It is so hard for me to put together a blog post today. Everywhere I turn the news is not good. I continue my job search today with a heavy heart as I think about everyone living in Israel. We know so many friends who know and love people who live there. I have family in Tel Aviv who are thankfully safe. But the social media posts and text messages have been ongoing.
I thought I’d try to stay off of Facebook this morning to give myself a break. I had no interest in opening Twitter/X, which I’m sure is filled with messages of antisemitism and hate. I don’t need to see any of that.
As I do every Monday, I logged on to LinkedIn to look for new jobs and start applying. I was surprised to see that LinkedIn was chock-full of supportive messages about Israel, the hostages, the safety of its soldiers, and the war against terrorism.
Even on LinkedIn, everyone seems to be distracted today for good reason. It’s not just me.
This morning, I took a walk and tried to enjoy the beauty of this day despite what is happening in the Middle East. And then, out of nowhere I started humming a song to myself. Feeling a little better, I took a selfie and posted it on Facebook with my Star of David necklace in full view. I also shared the following story.
I bought this necklace at a Hanukkah Bazaar years ago for no more than $40. I have gotten many compliments on it every time I wear it. Each of the six points on the star forms the colors of the rainbow. In the middle of the star is the Hebrew word and symbol “Chai” which means life. (Side note: Chai is not pronounced like the tea. You have to make the “kh” sound as in challah).
Anyway, last week I was in The Fresh Market by my house and the woman at the cash register wished me a Happy New Year. I looked at her strangely and asked how she knew I was Jewish.
She smiled and said, “Your necklace is beautiful.”
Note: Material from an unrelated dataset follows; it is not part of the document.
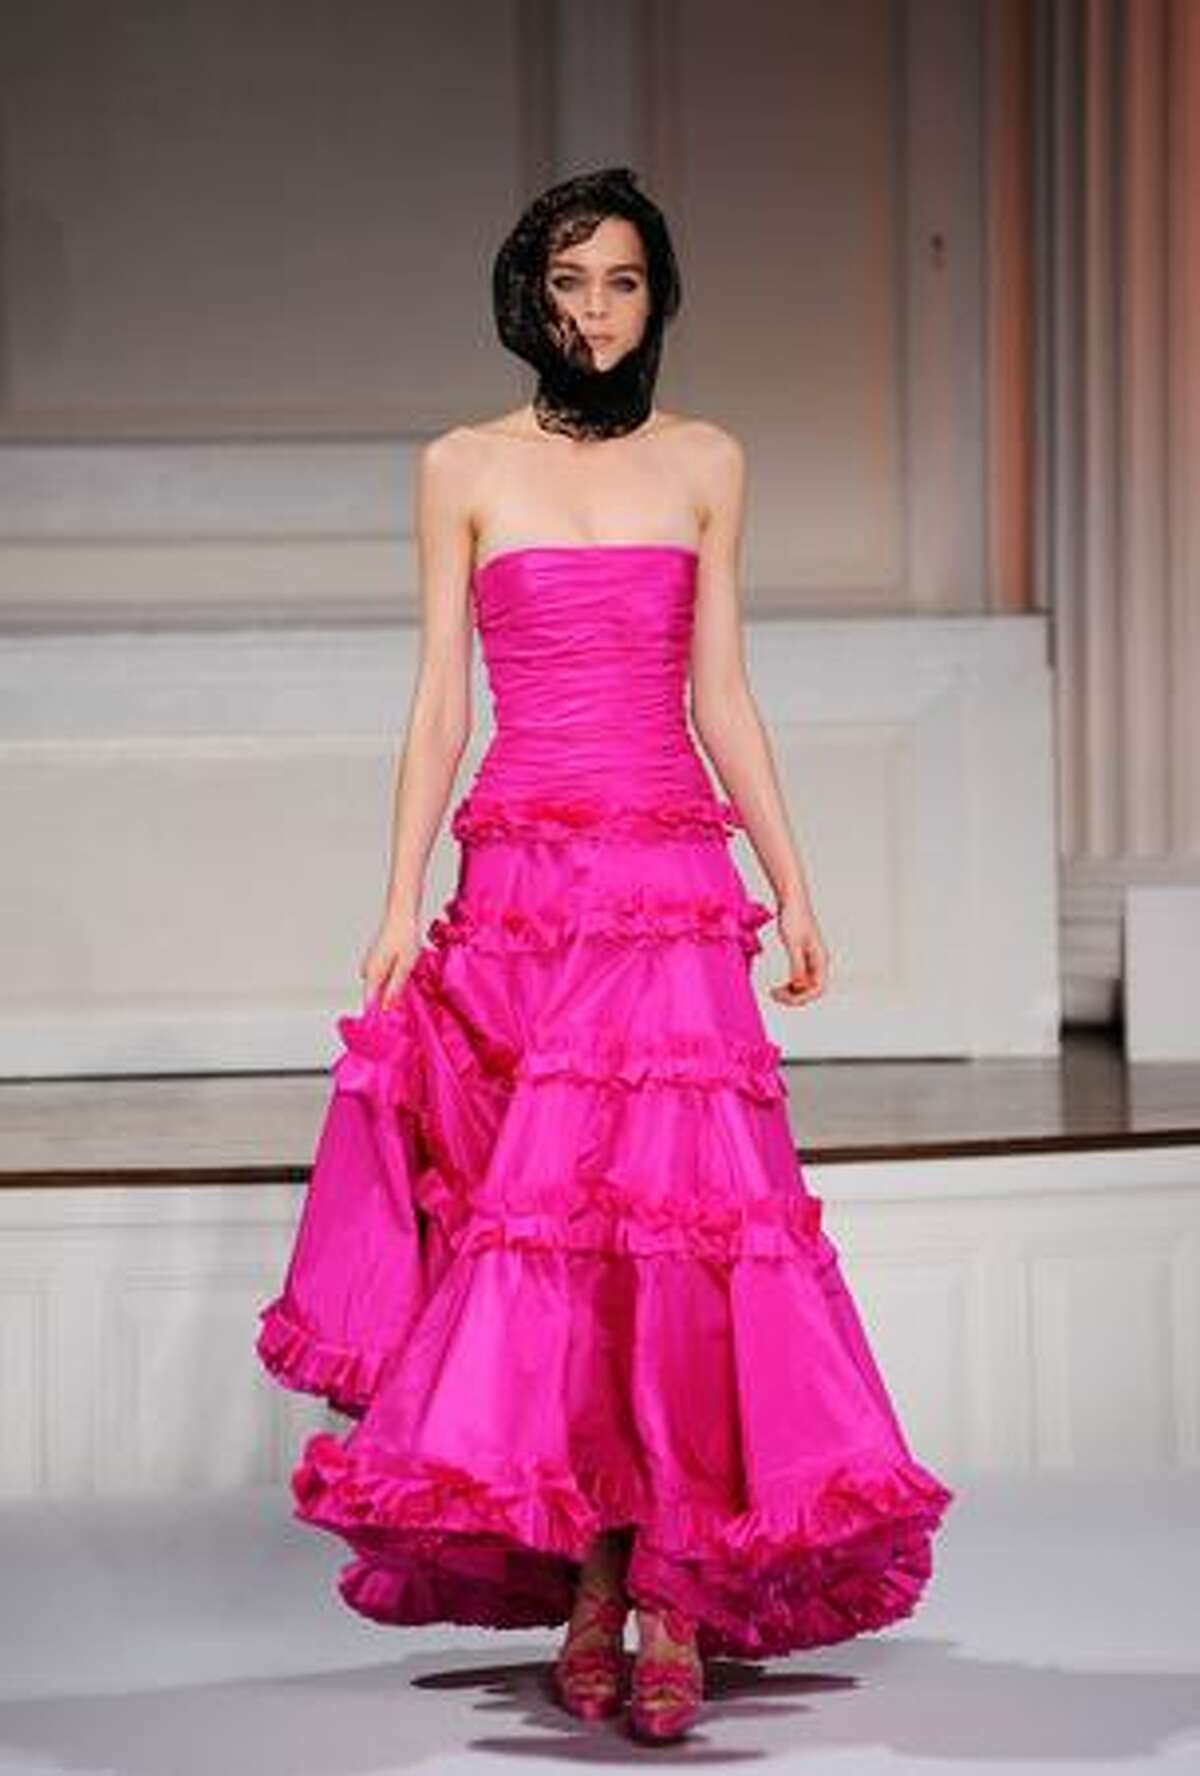 A model walks the runway at Oscar De La Renta Spring 2010 fashion show at 583 Park Avenue in New York City.

I thanked her and told her she made my day. I forgot I was wearing it even though it is always a part of my wardrobe.
It goes with everything.
It goes with me.
That was last week.
This week, I know some people who are afraid to wear their Stars of David jewelry in public or choose to hide them under their shirts for fear of hateful remarks that may come at them. I understand this, and I don’t blame them one bit. But as you can see from this photo, I wear my necklace for everyone to see. Of course, I am afraid someone might come up to me spew their hate to my face. But just like the terrorists on 9/11, I don’t want them to win. I can’t. I wear my necklace for the same reason that I still fly, travel, go to concerts, and enjoy life. Terrorism cannot win.
I also believe in the kindness of strangers, like that cashier. My faith is everything to me, and it tells me that Israel is strong. Her people are strong. Our community is strong. But, I know we are also hurting, so please check in on your Jewish friends, neighbors, and colleagues. Call your representatives to say you stand with Israel and they should too. And if you feel compelled (and are able to) make a donation to places like American Friends of Magen David Adom (Israel’s version of the Red Cross), please do.
Oh, and the song I was humming during my walk this morning was “The Hope” by Jewish musician, Rich Recht. Is it too soon to hope? Maybe. But it reminded me that sometimes hope is what gets us through the dark times. Please take a moment to click and listen and keep praying for peace.